• Listed entries

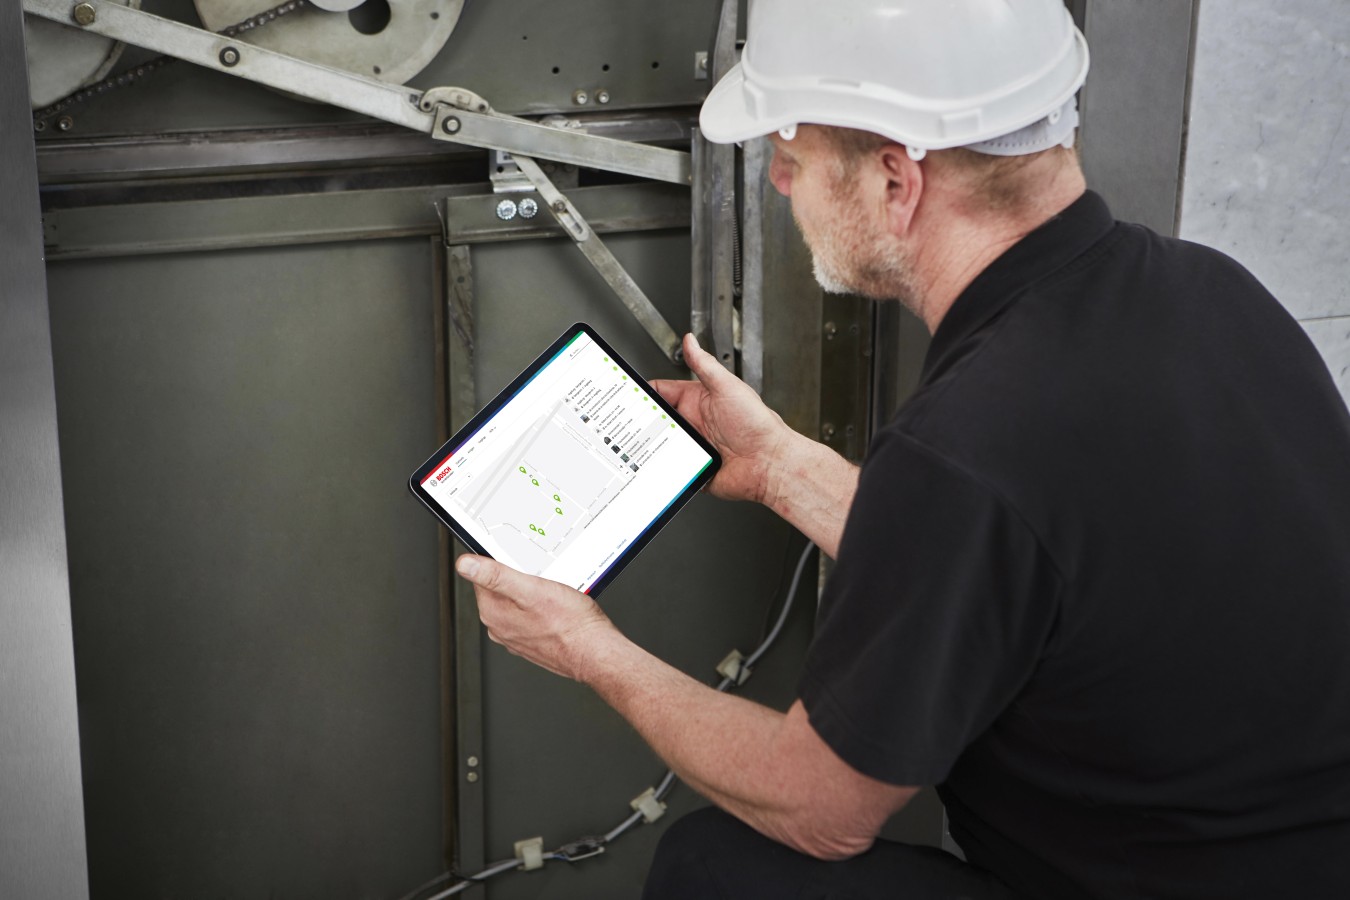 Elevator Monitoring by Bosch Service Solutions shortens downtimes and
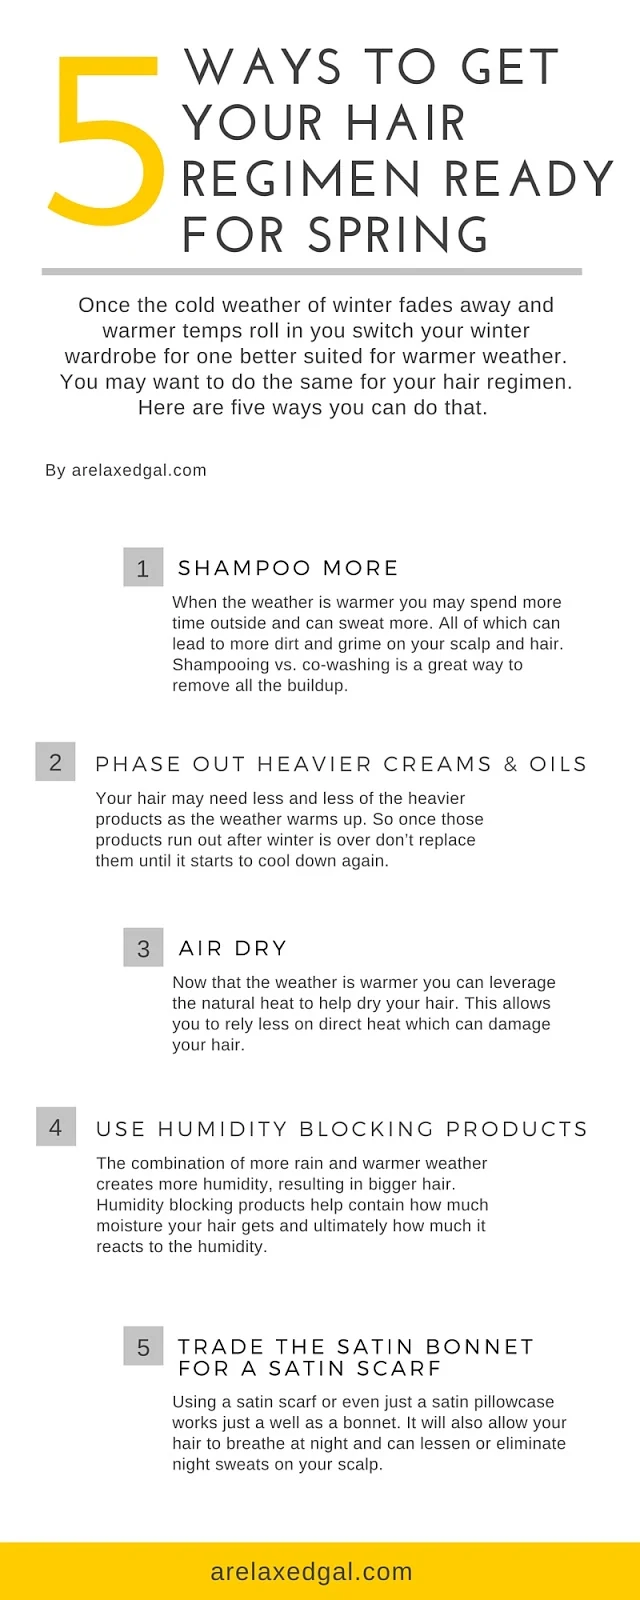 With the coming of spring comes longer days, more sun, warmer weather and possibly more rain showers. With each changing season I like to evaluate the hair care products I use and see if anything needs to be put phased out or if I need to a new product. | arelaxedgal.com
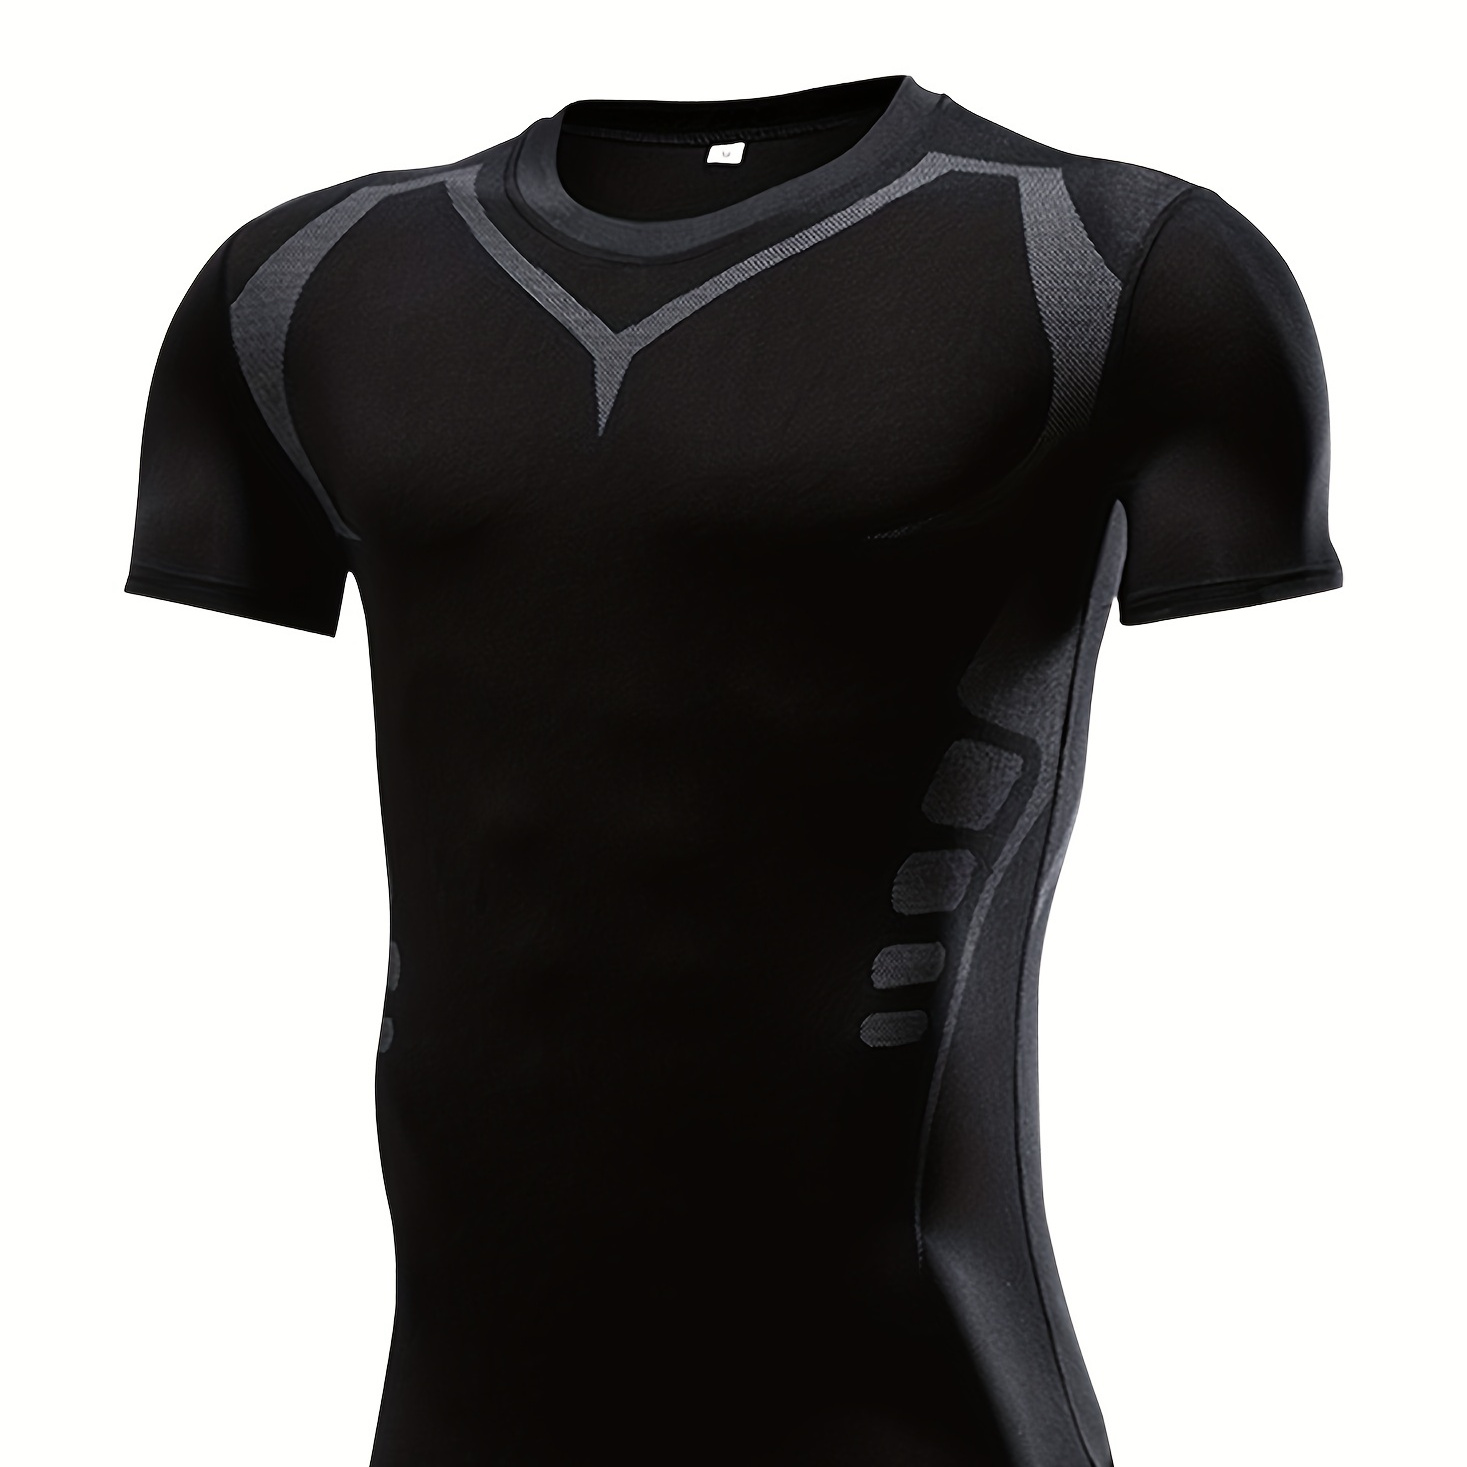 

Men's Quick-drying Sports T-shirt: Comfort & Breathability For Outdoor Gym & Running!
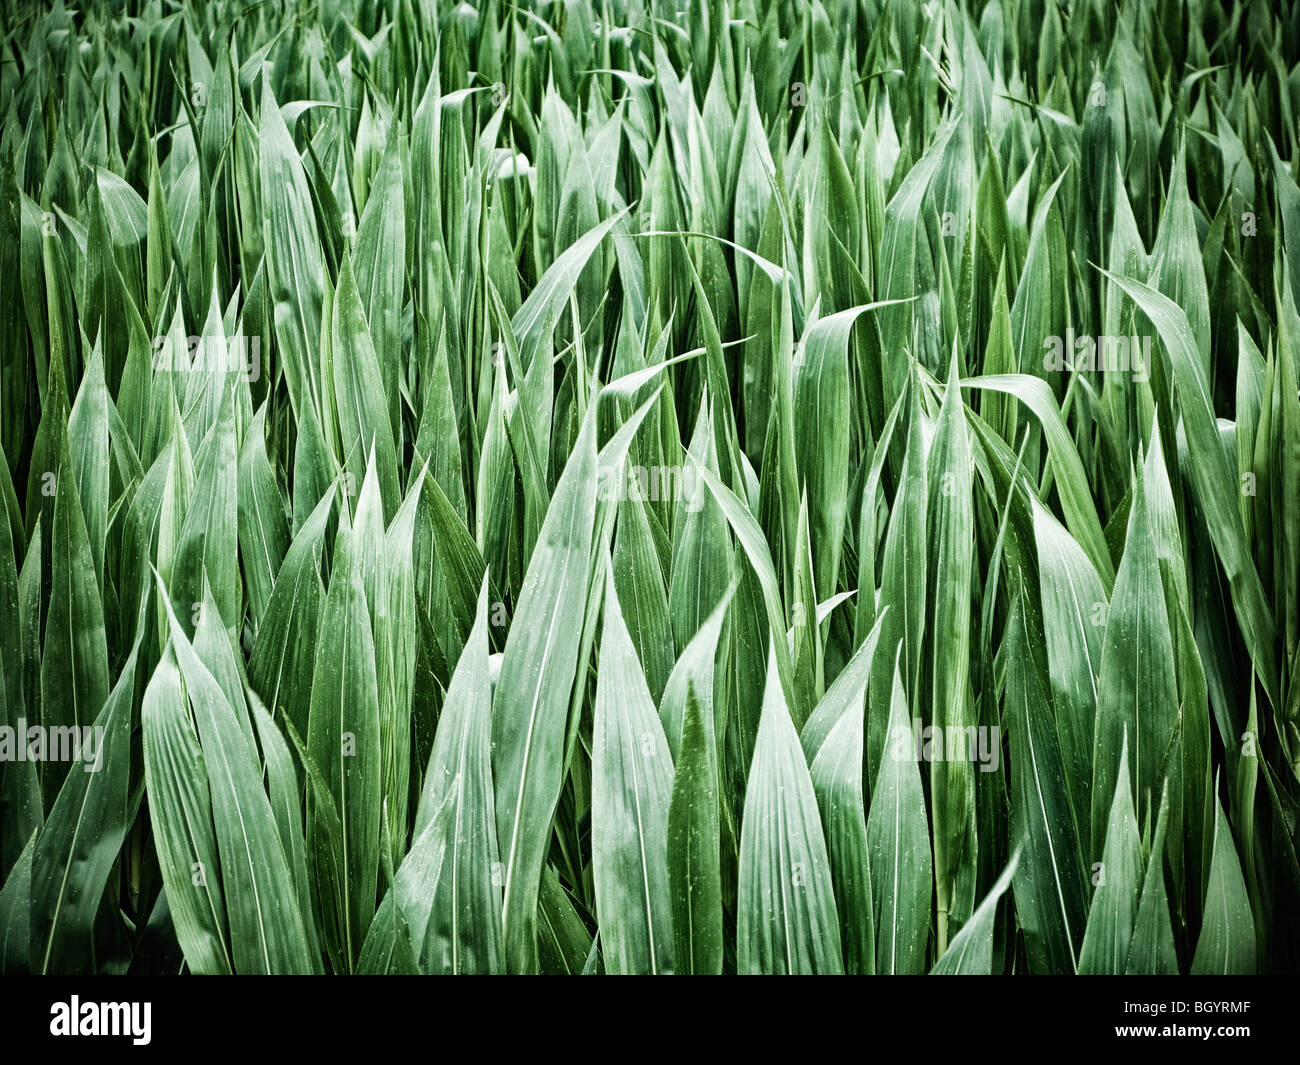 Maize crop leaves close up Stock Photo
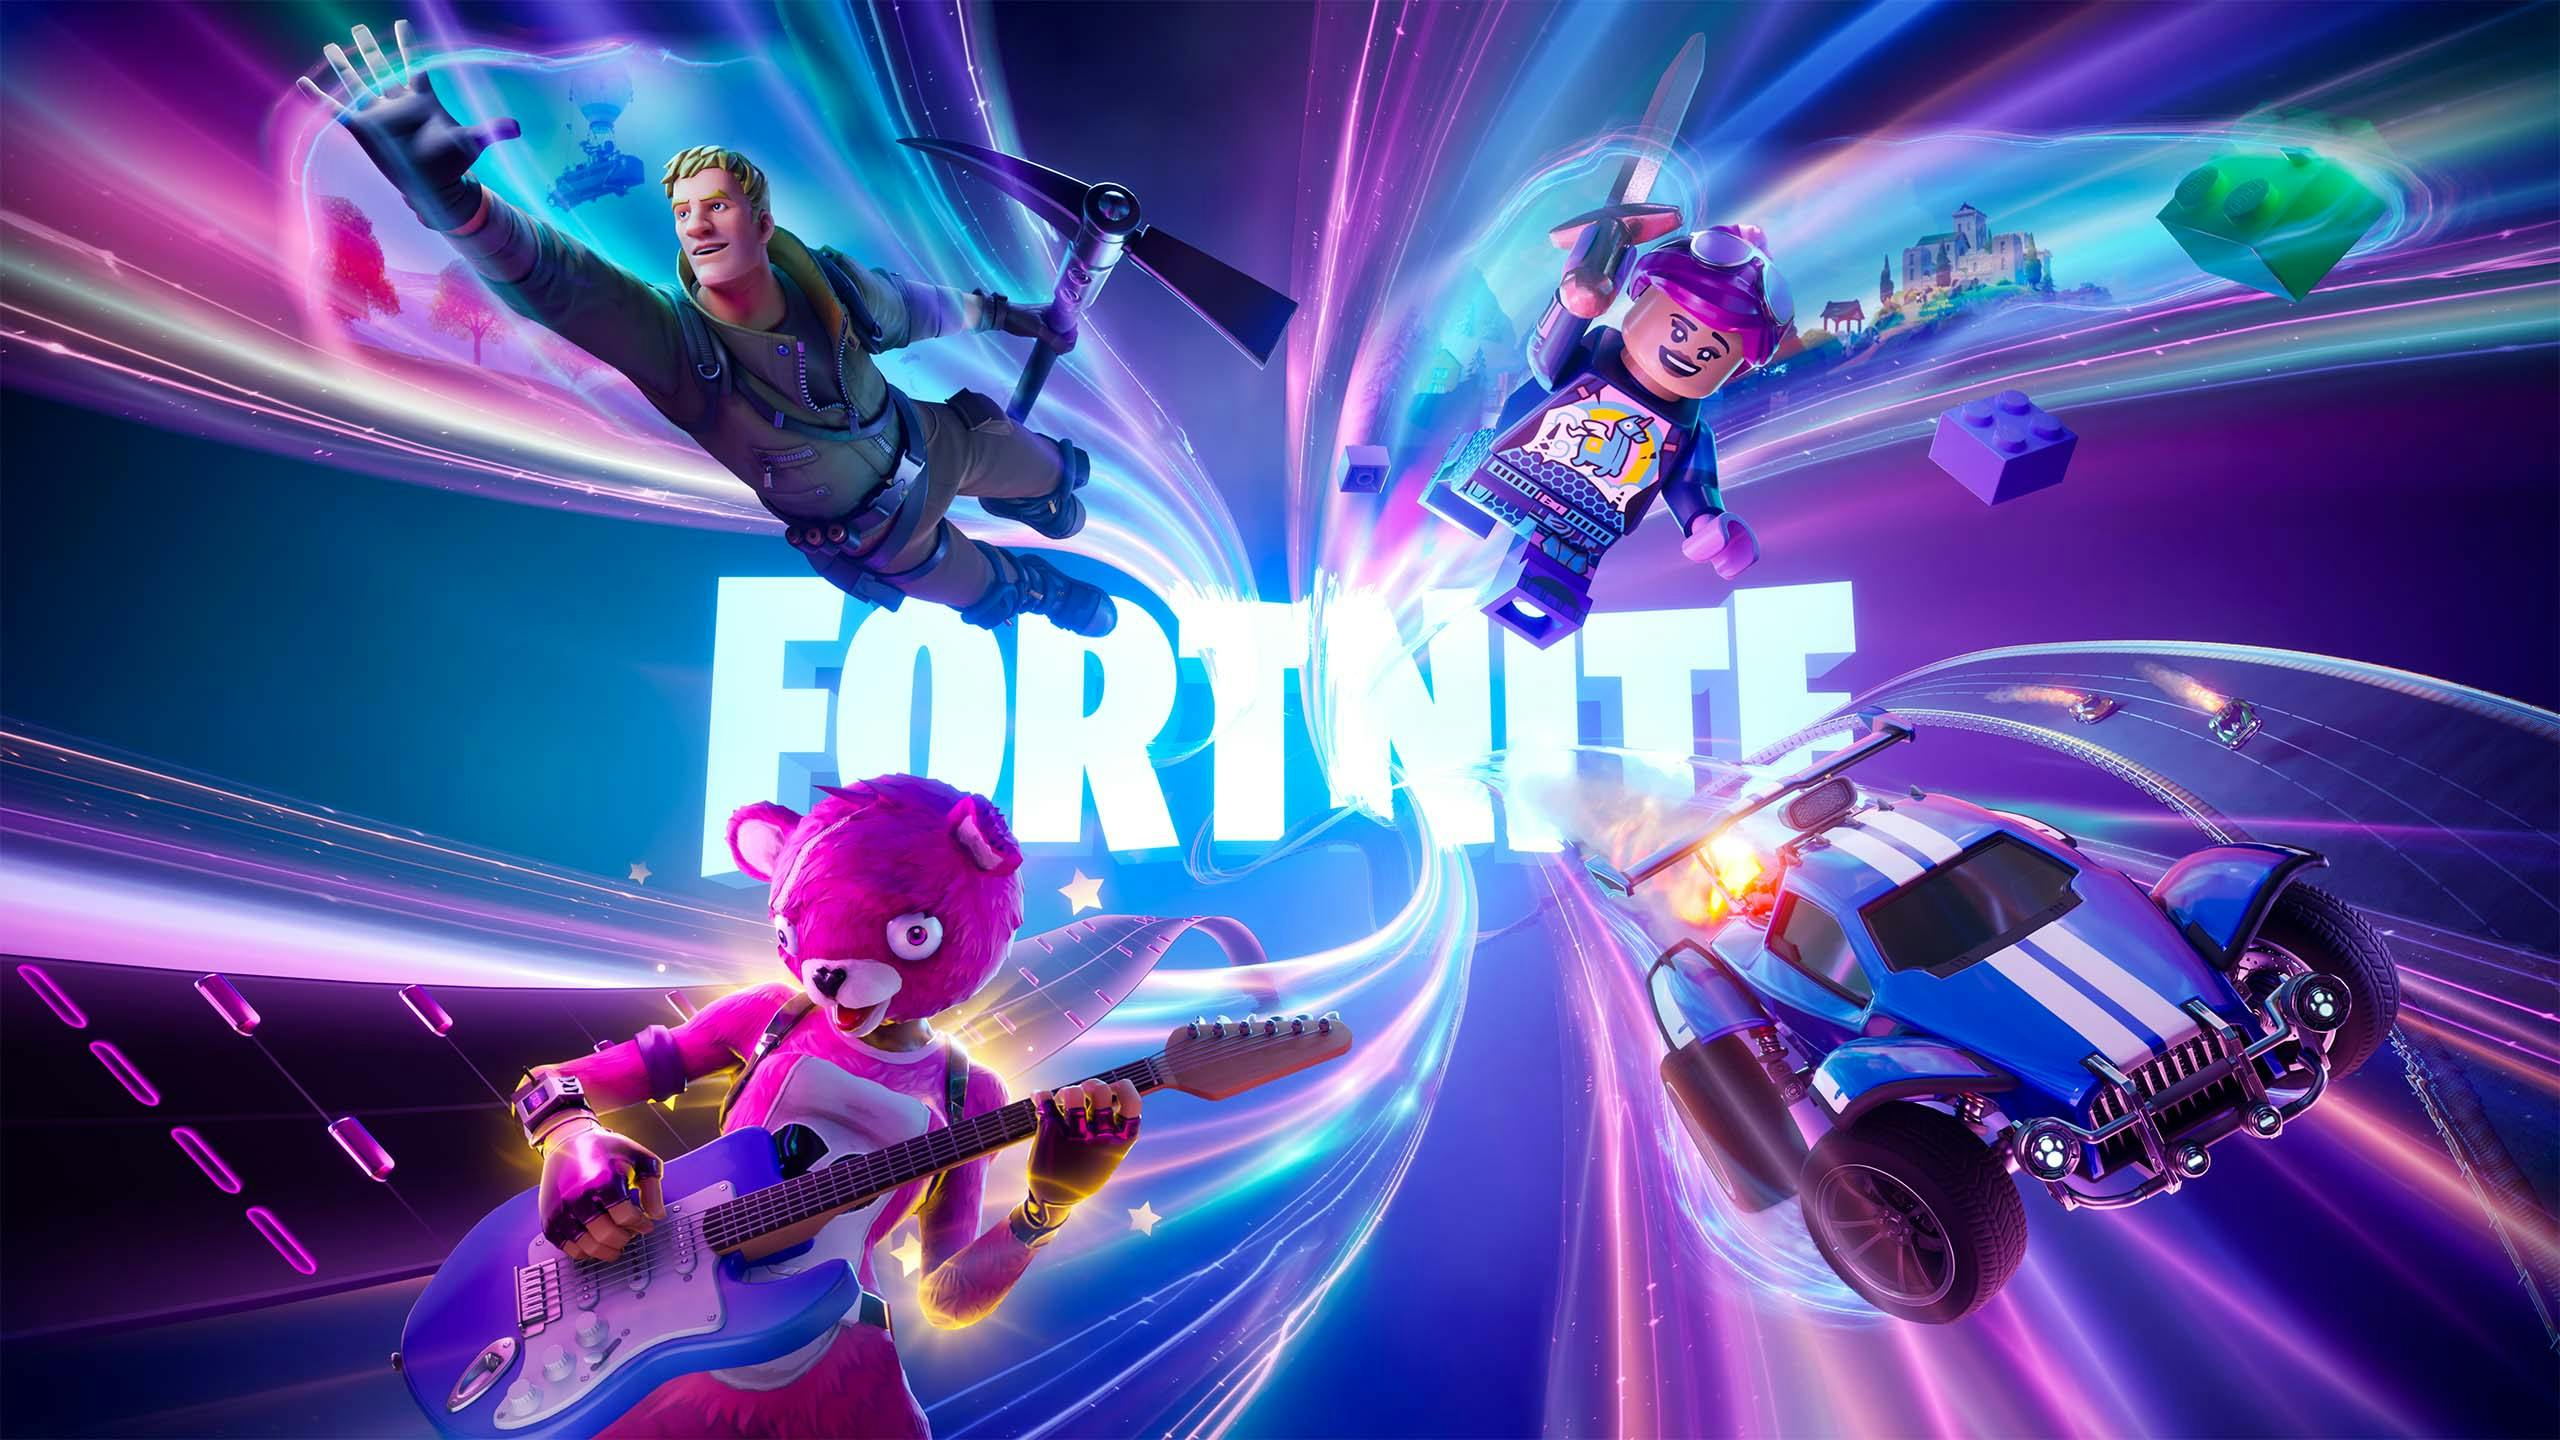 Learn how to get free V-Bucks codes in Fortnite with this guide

• Work instruction
In the copy, no picture may appear; the records themselves must be output exactly.

• Your solution
 Elevator Monitoring by Bosch Service Solutions shortens downtimes and
 With the coming of spring comes longer days, more sun, warmer weather and possibly more rain showers. With each changing season I like to evaluate the hair care products I use and see if anything needs to be put phased out or if I need to a new product. | arelaxedgal.com

Men's Quick-drying Sports T-shirt: Comfort & Breathability For Outdoor Gym & Running!
 Maize crop leaves close up Stock Photo
 Learn how to get free V-Bucks codes in Fortnite with this guide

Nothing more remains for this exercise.